Gudynas definisce l’estrattivismo stesso in termini di pratiche eccessive, misurate su tre caratteristiche: (1) indicatori fisici (volume e peso), (2) intensità ambientale e (3) destinazione. L’estrattivismo, da questa prospettiva, è ritenuto intrinsecamente legato al colonialismo e all’imperialismo, poiché richiede che il prodotto sia esportato sotto forma di beni primari.[36] Non tutte le appropriazioni della natura effettuate dalle industrie estrattive sono estrattiviste. Questa posizione è forse più chiara nel suo breve contributo Would Marx Be an Extractivist? [Marx sarebbe forse un estrattivista?]. Come nella risposta di Martínez-Alier a Correa, Gudynas afferma:
«Marx non ha rifiutato l’estrazione mineraria. La maggior parte dei movimenti sociali non la rifiuta e, se si ascoltano attentamente le loro rivendicazioni, si scopre che si concentrano su un particolare tipo di impresa: quella su larga scala, con enormi volumi asportati, intensiva e a cielo aperto. In altre parole, non bisogna confondere l’attività mineraria con l’estrattivismo […]. Marx, oggi in America Latina non sarebbe un estrattivista, perché ciò significherebbe abbandonare l’obiettivo di trasformare i modi di produzione, diventando un economista borghese. Al contrario, egli promuoverebbe alternative al [modo di] produzione dominante, e questo significa, nel contesto attuale, andare in direzione del post-estrattivismo.»[37]

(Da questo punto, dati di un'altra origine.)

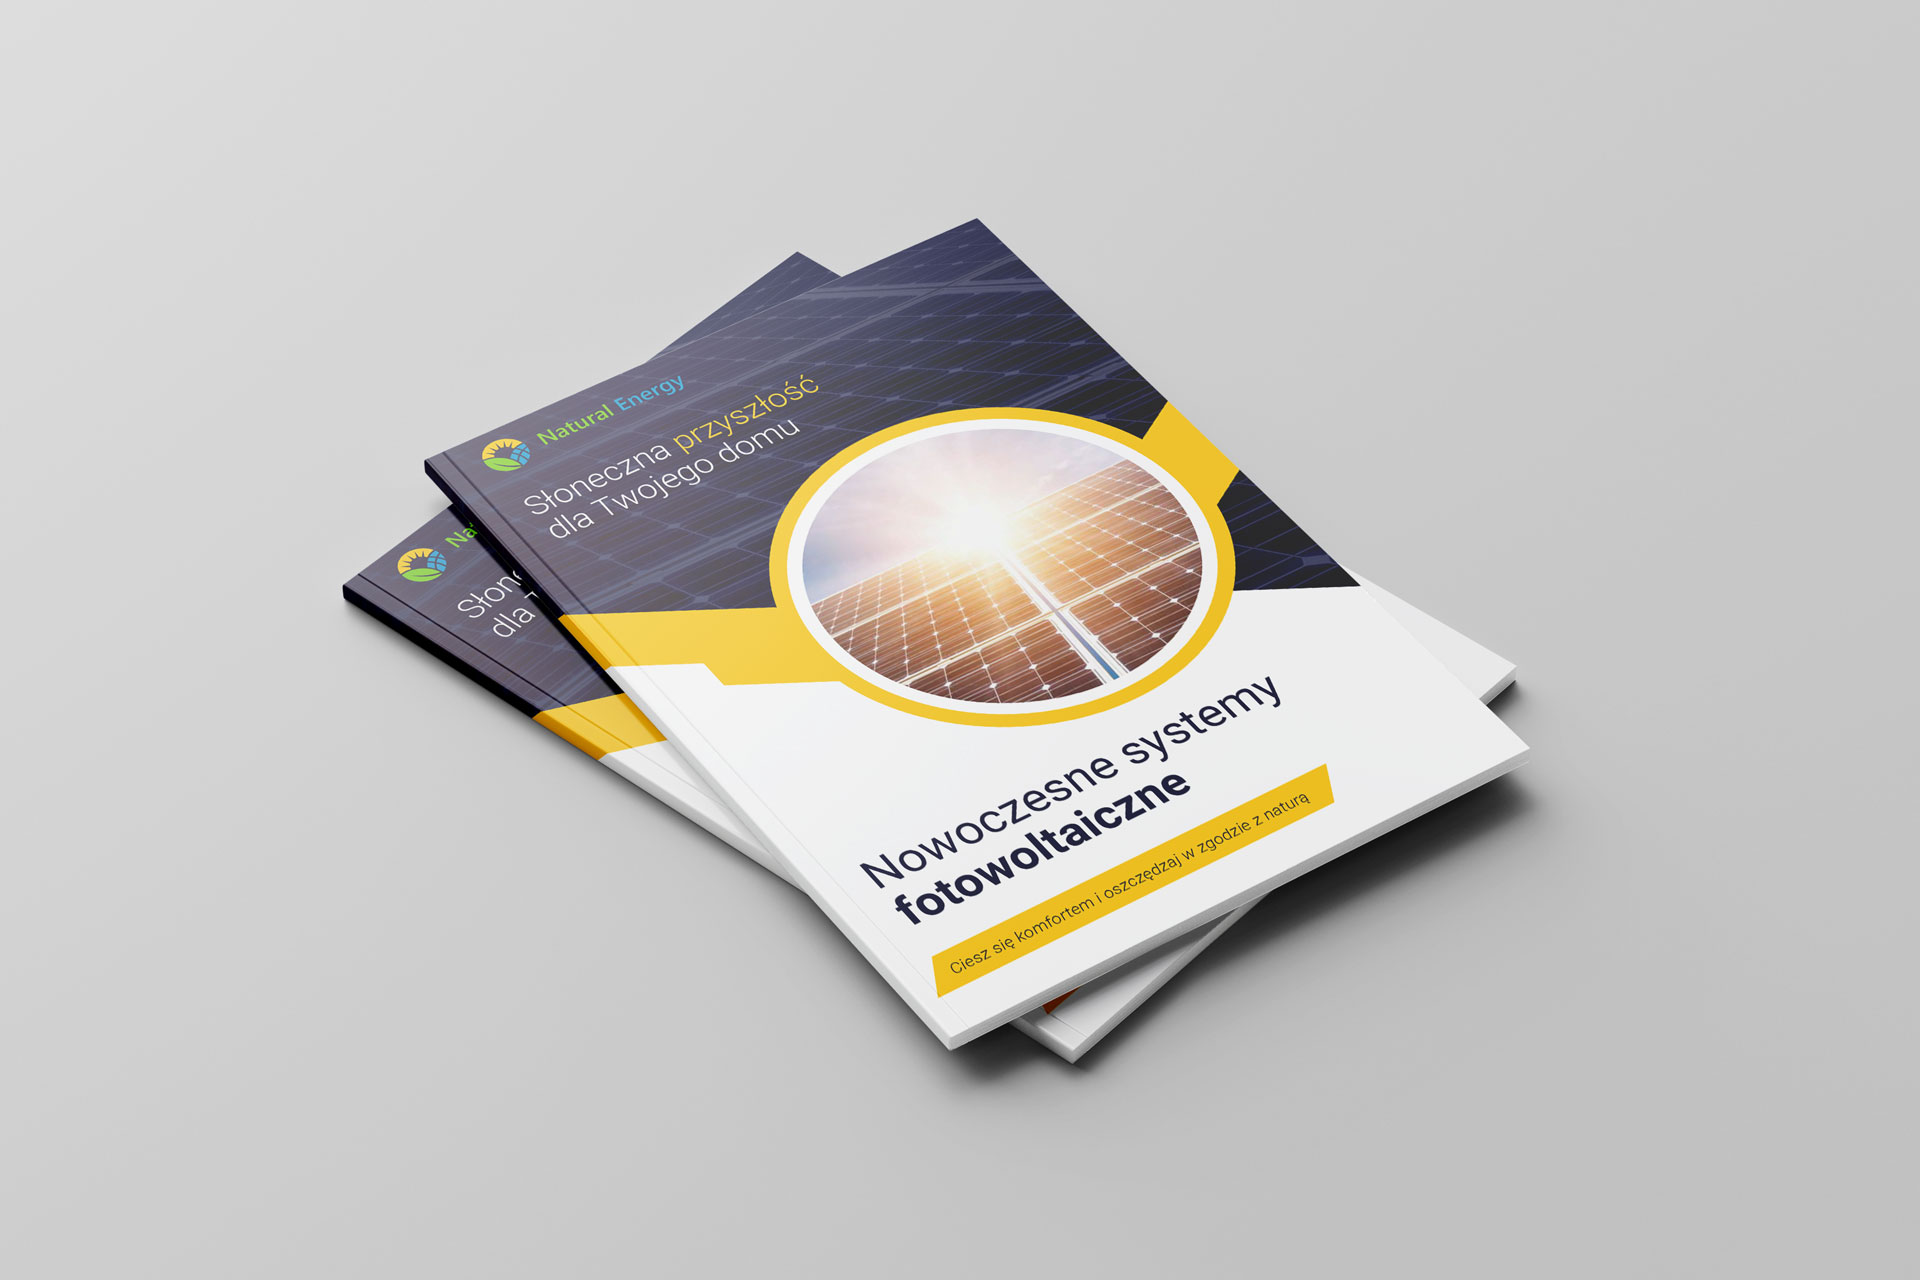 Projektowanie-graficzne-Natural-Energy-Katalogi-reklamowe-3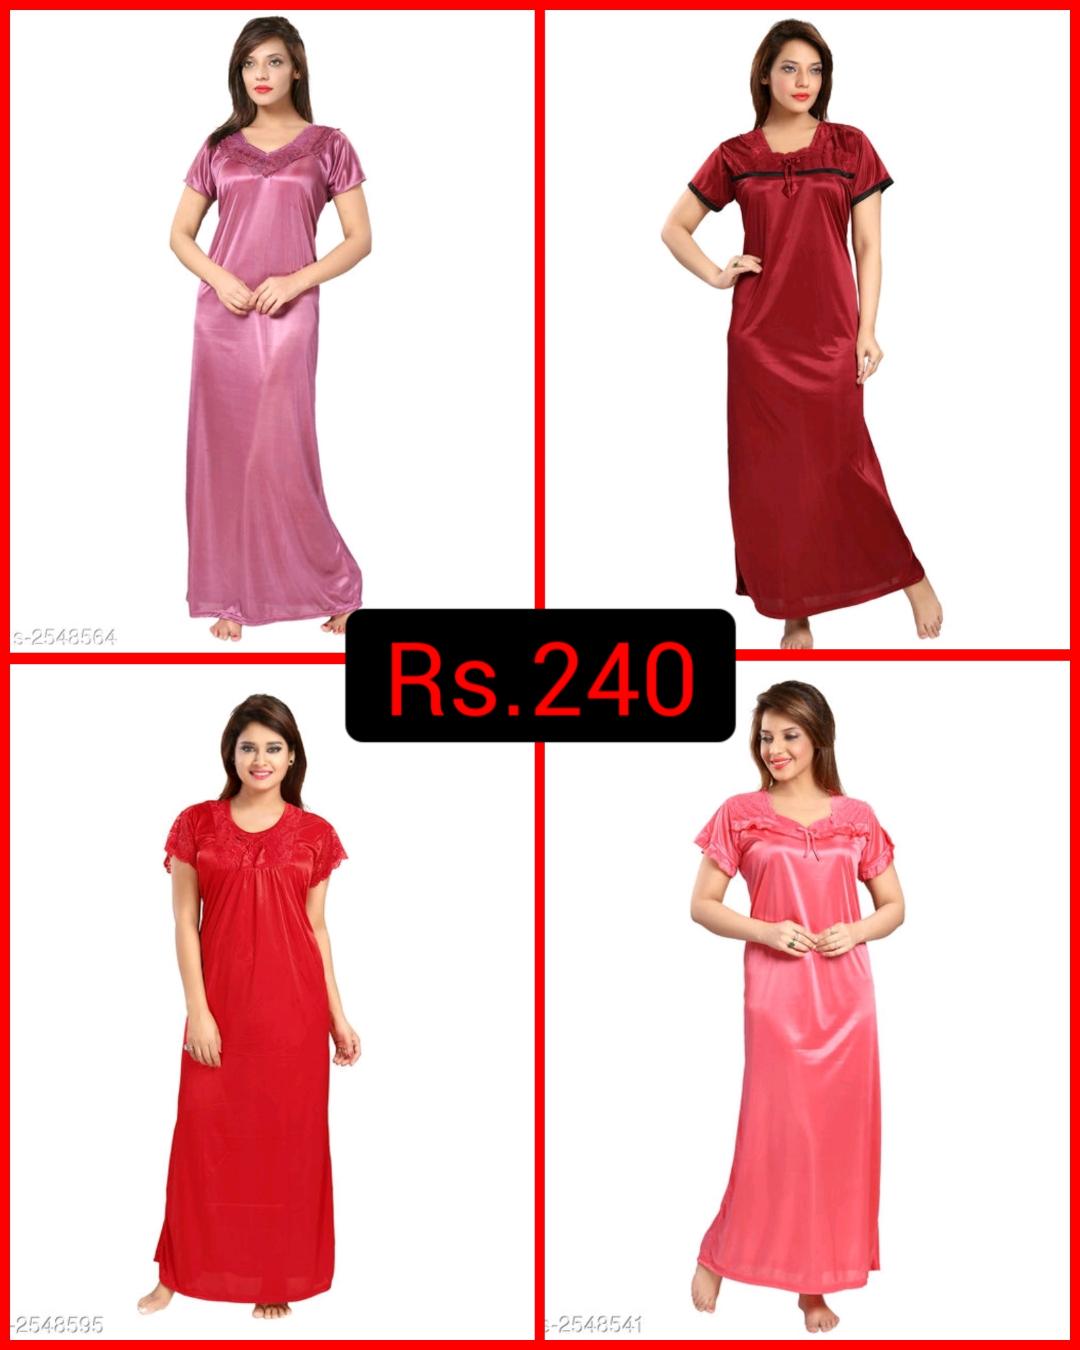 😁 फैशन डिज़ाइनर - S - 2548564 Rs . 240 2548595 - 2548541 - ShareChat

L’estrattivismo globale di oggi, quello che Martin Arboleda ha chiamato The Planetary Mine, si identifica con il “capitale monopolistico generalizzato” e con le condizioni del “tardo imperialismo”.[38] Una preoccupazione centrale del lavoro di Gudynas è la critica della rinnovata dipendenza imperiale nel Sud globale, derivante dal neo-estrattivismo, che solleva la questione della “delinking from globalization“** [disconnessione dalla globalizzazione], quale – forse – unica alternativa radicale.[39] Una visione simile è stata sviluppata con forza da James Petras ed Henry Veltmeyer nel loro Extractive Imperialism, che hanno descritto il nuovo estrattivismo come un nuovo modello imperialista, che costringe i Paesi a una nuova dipendenza, il cui terreno è stato preparato dalla ristrutturazione neoliberale che ha praticamente annientato molte delle precedenti forze di produzione nell’agricoltura e nell’industria.[40]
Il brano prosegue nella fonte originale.